Monday, July 4, 2011

Fish tacos... with a flare



Guadalajara on Abilene Street is my favorite Mexican restaurant in Colorado and one of my favorite things on the menu is their fish tacos. What I don't like about this dish however, is that it is laden with cheese and re-fried beans. At the end of the meal I am in a serious food coma. So naturally, when I had a craving for fish tacos I tried to find a recipe that would come close to the one at Guadalajara. The thing that made their fish tacos amazing is a yummy garlic sauce of sorts. so I knew that I would have to get a good sauce or my fish tacos wouldn't cut it. So here goes... with a combination of recipes I think I was able to pull it off.

I used this recipe from Food Network Chef Bobby Flay as a base and tweaked it a bit, or maybe I tweaked it a lot:


Ingredients:

Tacos:
  • 1 pound white flaky fish, such as mahi mahi or orata(I used Tilapia, about 4 filets)
  • 1/4 cup canola oil
  • 1 lime, juiced
  • 1 tablespoons ancho chili powder (for my Caribbean friends I used 1 teaspoon of pepper sauce)
  • 1 jalapeno, coarsely chopped (Didn't really need this once I added the pepper sauce)
  • 1/4 cup chopped fresh cilantro leaves
  • 8 flour tortilla 
I also used:
  •  2 tablespoons extra virgin olive oil.
  • Sea salt and fresh ground black pepper to taste
  • 4 cloves of garlic (finely chopped)
  • 1/2 small onion (diced) 
Garnish:

1. Tomato & Carrot Salsa

  • 6 grape tomoatoes
  • 2 heads green onions / scallions (finely chopped)
  • 1 carrot (shredded) 
  • 1/4 cup fresh cilantro leaves (chopped)
  • Salt and black pepper (to taste) 
  • 1 tablespoon lemon juice
  • 1 cup cheddar cheese (shredded)
In a medium sized bowl, add tomatoes, green onions, carrots, cilantro, salt and pepper and lemon juice. Toss everything together. Top with cheddar cheese once added to fish tacos.

2. Garlic Aioli Sauce

  • 6 large cloves garlic, peeled
  • 3/4 teaspoon kosher salt
  • 2 egg yolks
  • 1 teaspoon fresh lemon juice
  • 3/4 cup Spanish olive oil
  • 1/4 cup chopped chives

Place garlic cloves in a blender or food processor and pulse until finely chopped, stopping to scrape down the sides as needed. Add the salt, egg yolks, and lemon juice and process until well combined.
With the machine running, add the oil in a thin, steady stream until the mixture is thickened. Stir in chives, adjust seasonings as needed.

Yield: about 1 cup

Directions

My directions were completely different from Bobby Flay's original recipe but by now you know that I was only using that recipe as my base. 

Preheat grill to medium-high heat (I actually did mine on the stove top using a large frying pan).
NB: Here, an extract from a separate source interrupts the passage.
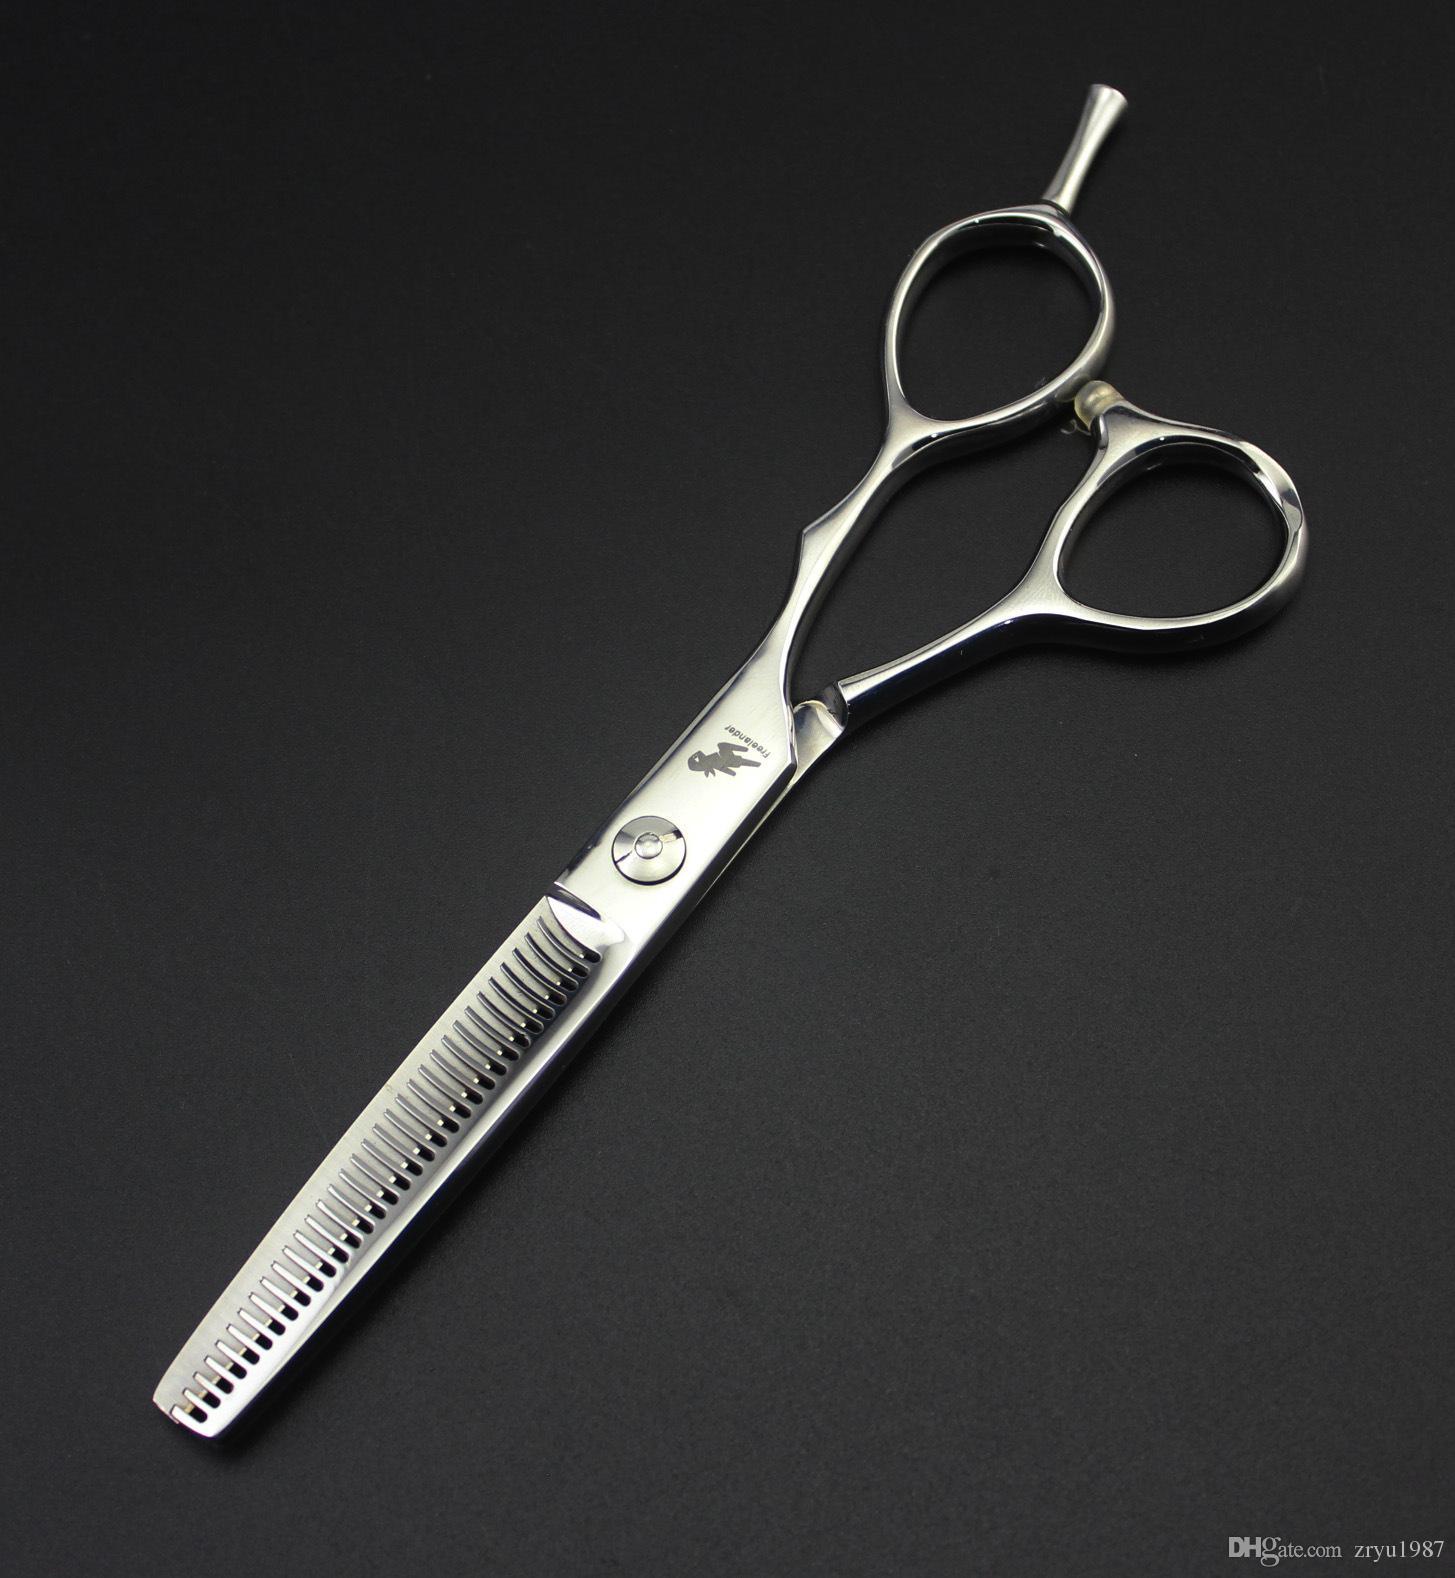 6 Inch Professional Hairdressing Scissors Hair Thinning Scissor cutting sicssor Barber Hairdresser Tool Salon Equipment

Place fish in a medium size dish. Whisk together the oil, lime juice, ancho, jalapeno, and cilantro and pour over the fish. Let marinate for 15 to 20 minutes. I did everything up to this point. Then I pretty much followed my own cooking methods.

Add 2 tablespoons of olive oil to frying pan (set at medium-high heat). When hot (but not smoking) add garlic and onion, stirring occasionally until brown (about 3 to 4 minutes). Then add fish and salt and pepper, lower the heat and cover frying pan. Let fish simmer, for 3 to 4 minutes on each side. Once cooked, I used my spoon to cut each filet into 5 or 6 chunks, and gave it a quick toss, then remove from heat.
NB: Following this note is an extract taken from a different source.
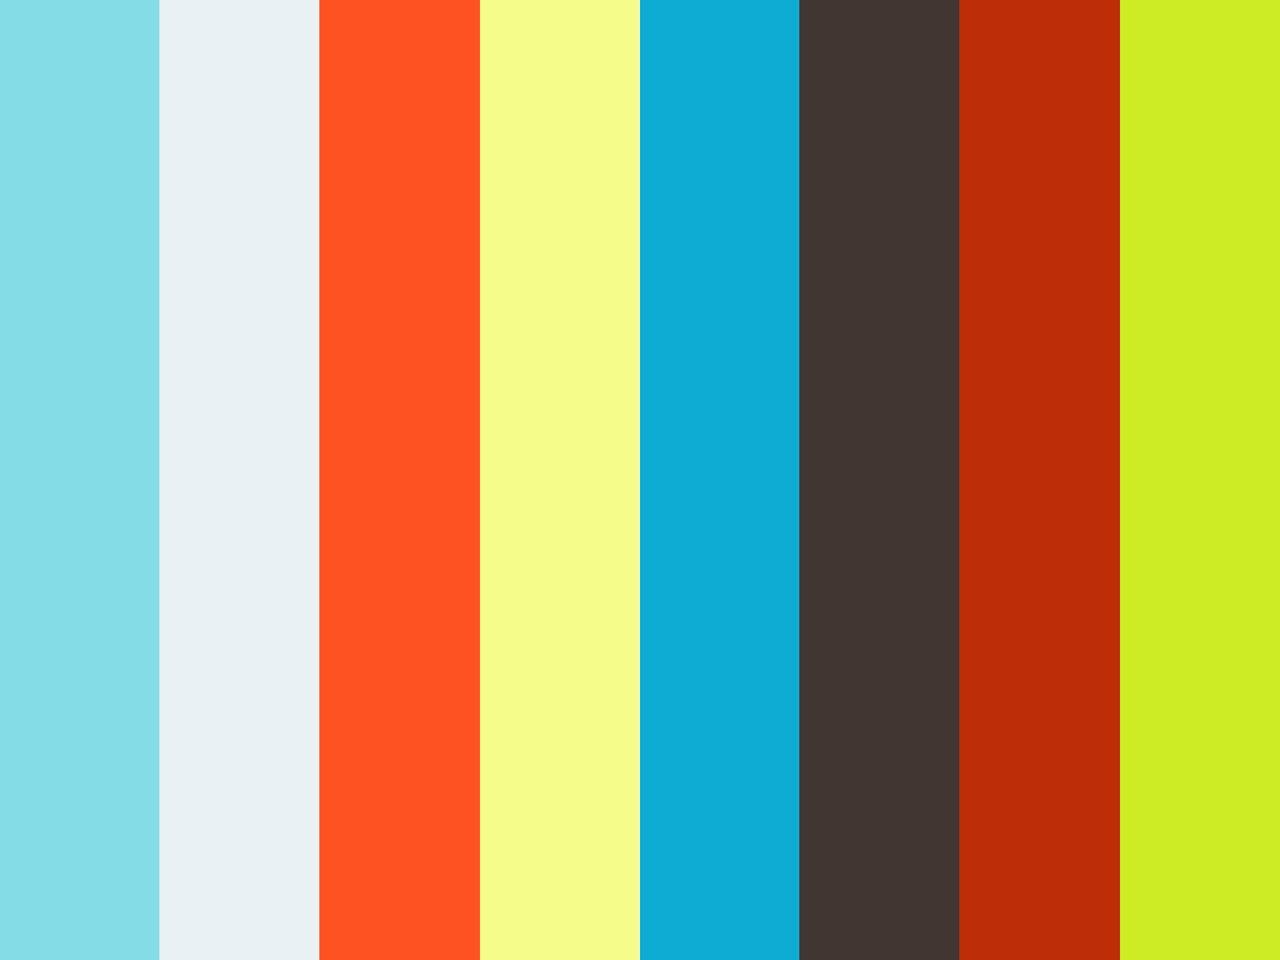 Webstock '14: Scott Berkun - The Year Without Pants: WordPress.com & The Future of Work

Preheat another frying pan or skillet if you have one, on medium-high heat. Then warm tortillas for about 1 minute on each side (until slightly brown). Divide the fish among the tortillas and garnish with any or all of the garnishes.I added the aioli sauce first, then the salsa and topped it off with the cheddar cheese. 

I served my tacos with black beans and a brown rice pilaf.